マントルは地球の体積の8割を占めています。さらに地球表面のプレートは地殻とマントル最上部を含みます。大陸の移動や火山活動などの原動力はマントルの動きとされ、プレート境界では巨大地震が起きます。掘削場所の候補は3か所に絞り込まれ、太平洋のハワイ沖、メキシコ沖、コスタリカ沖が上がっています。地殻の厚さは陸地では最大60キロに及びますが、海底では6キロ前後ですみます。海洋機構は2014年内に、深海調査研究船「かいれい」で、音波を使いハワイ沖海底下の構造を調べます。

 

マントル到達には「水深」「固さ」「熱」の3つが立ちはだかります。掘削では長い管を下ろし、その中にドリルを通します。候補地の水深は3,5キロ~4キロあるのに、今の鉄製の管は重すぎて4キロまで伸ばせません。炭素繊維など軽くて丈夫な素材で新たに作らねばなりません。地下の石は深いほど固くなり、ドリルの先端の刃がすぐすり減るので、35時間掘ると交換しなくてはなりません。地下深くから船までドリルを上げて再び下ろすには4,5日かかるので、効率を上げるため、長寿命の刃の開発も必須です。

 

さらにマントル最上部は200度~300度になると推定され、この温度で動くドリルの部品なども求められます。研究チームはプロジェクト全体の費用を400億~700億円と見積もっていますが、国の予算はまだついていません。それだけのお金をかける価値が本当にあるのか、との意見もあるからです。

 

「マントルの実物の科学的価値は、月の石にも勝るとも劣らないのですが、コンピューターによる計算では限界があるのです。掘れば掛け値なしの真実が分かる」。こう訴えるのは、チームを長年牽引してきた荒井金沢大教授です。そして「国民の支持を得て、2010年代後半には掘削を始めたい」と言っています。

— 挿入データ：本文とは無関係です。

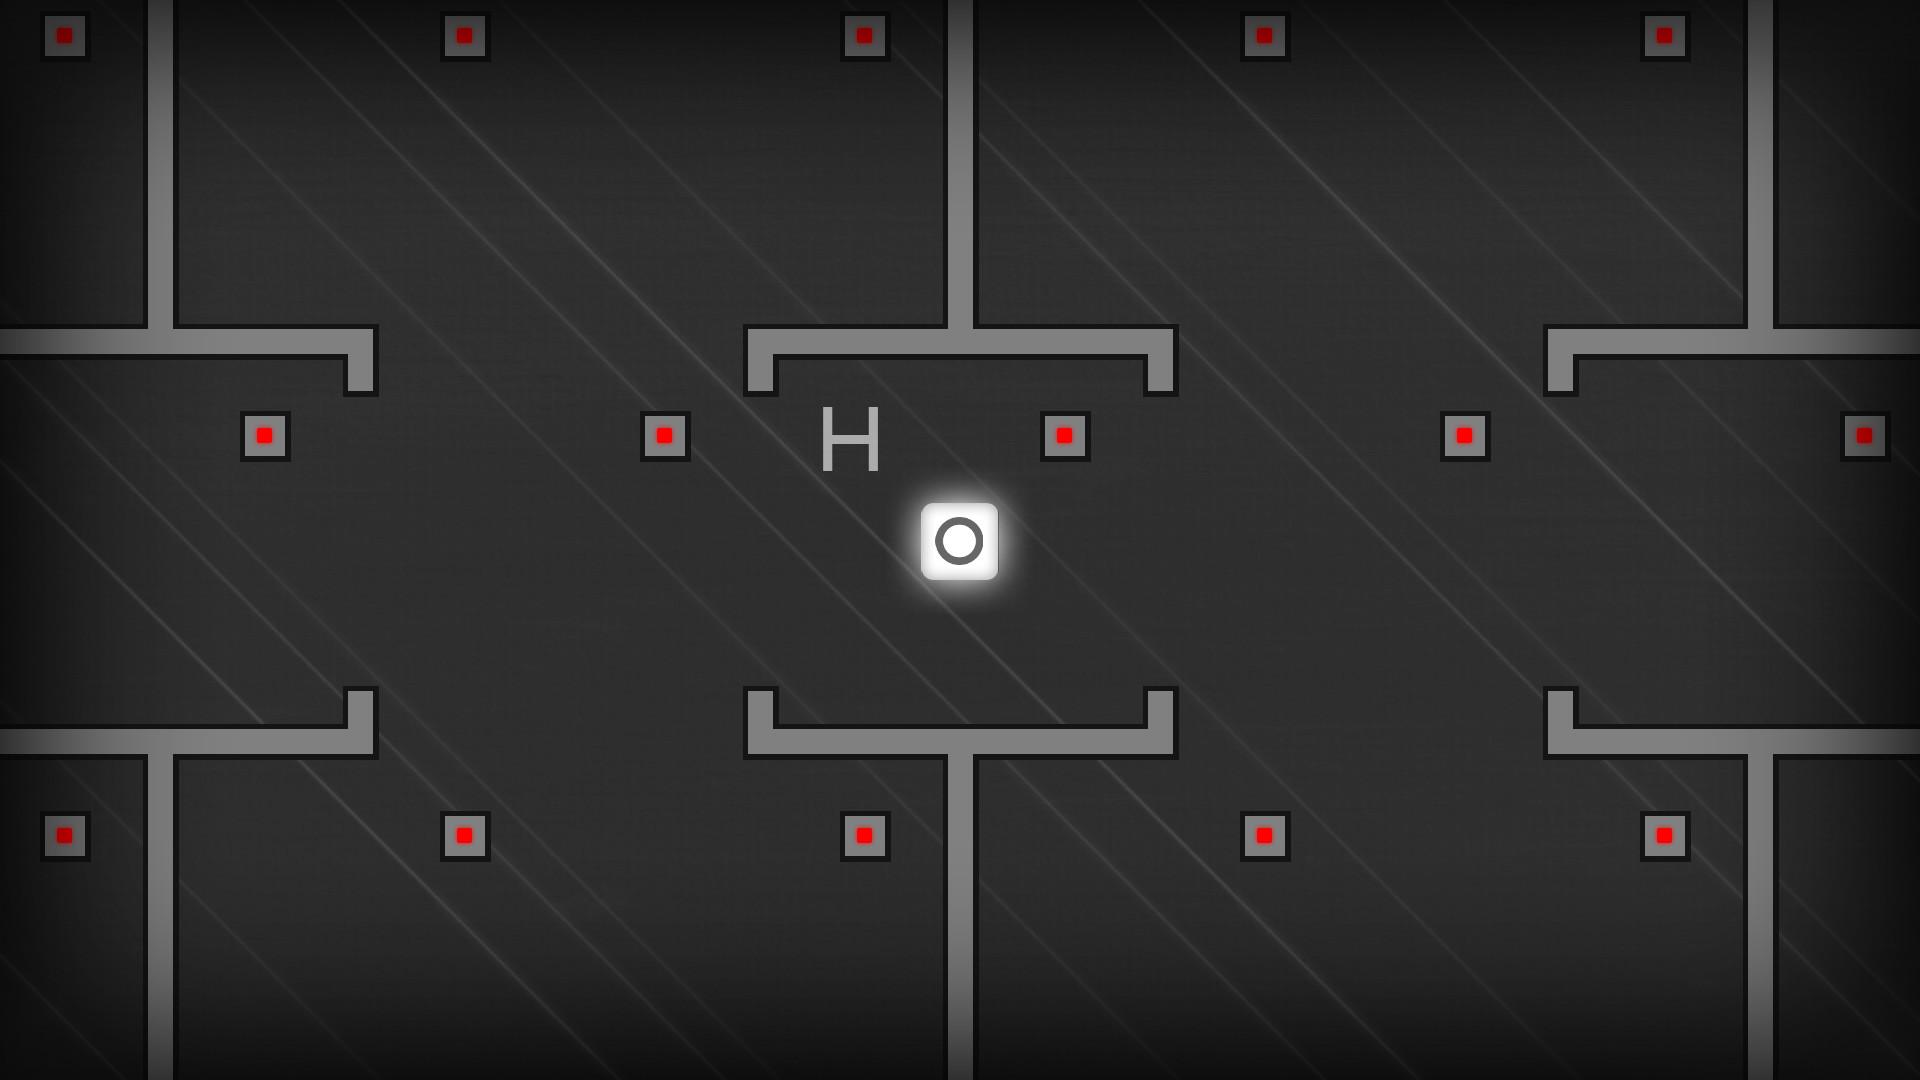 Innovative puzzler Keyg released
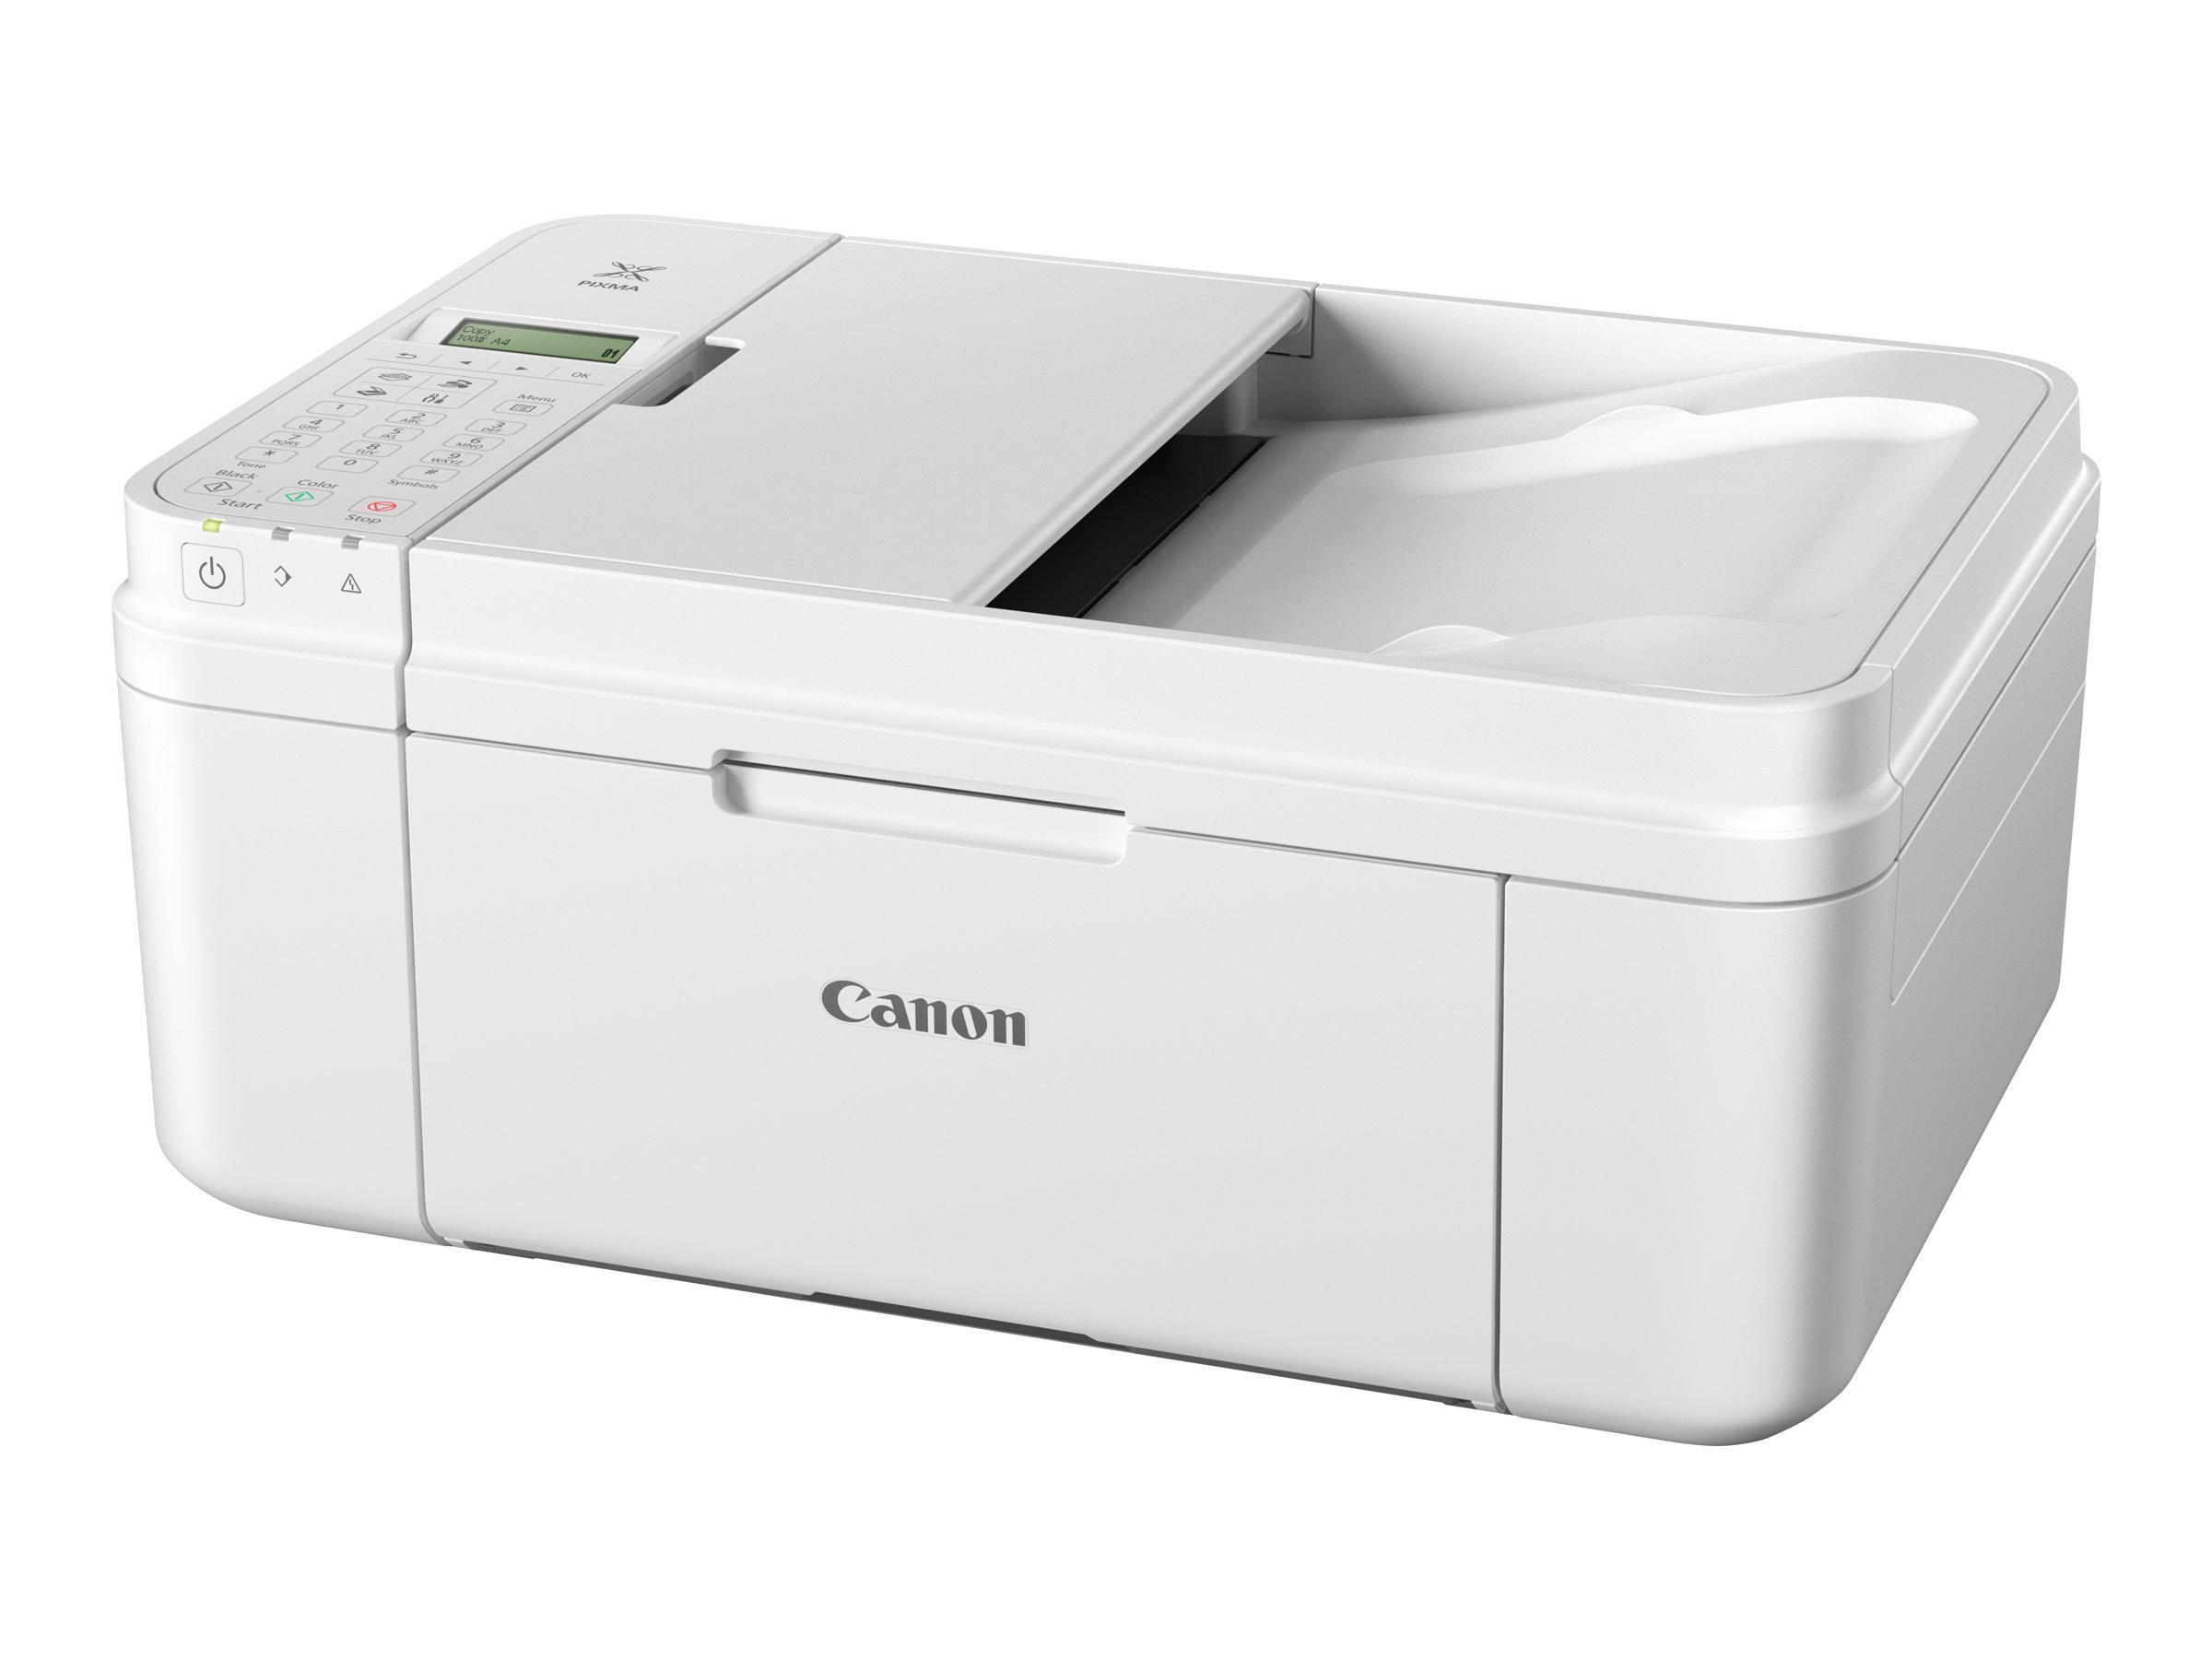 CANON PIXMA MX495 IMPRESORA MULTIFUNCION COLOR CHO

開の教授は「これまでの地殻の掘削では、推測と全然違う地下構造が見つかったこともあったそうで、マントルの掘削でも、新しい発見が必ず出てくる」と話しています。

 

前回の米国での掘削事業では180メートルほどで挫折していますが、地表からなら最大60キロですが海底からなら6キロ前後で済むので、海底からの掘削の方が容易のような感じがするかもしれませんが、1本の細い管を海底に下ろし目標地点で掘削するのは、まずパイプが左右に動かないように固定するだけでも大変なのです。固定できても潮の流れなどでパイプが折れてしまわないようにしなければならないし、パイプが重たすぎて今の技術では4キロまで伸ばせないことや深いほど岩は固くなるし、熱も上がります。このことからもいかにこの技術が難しいかわかると思います。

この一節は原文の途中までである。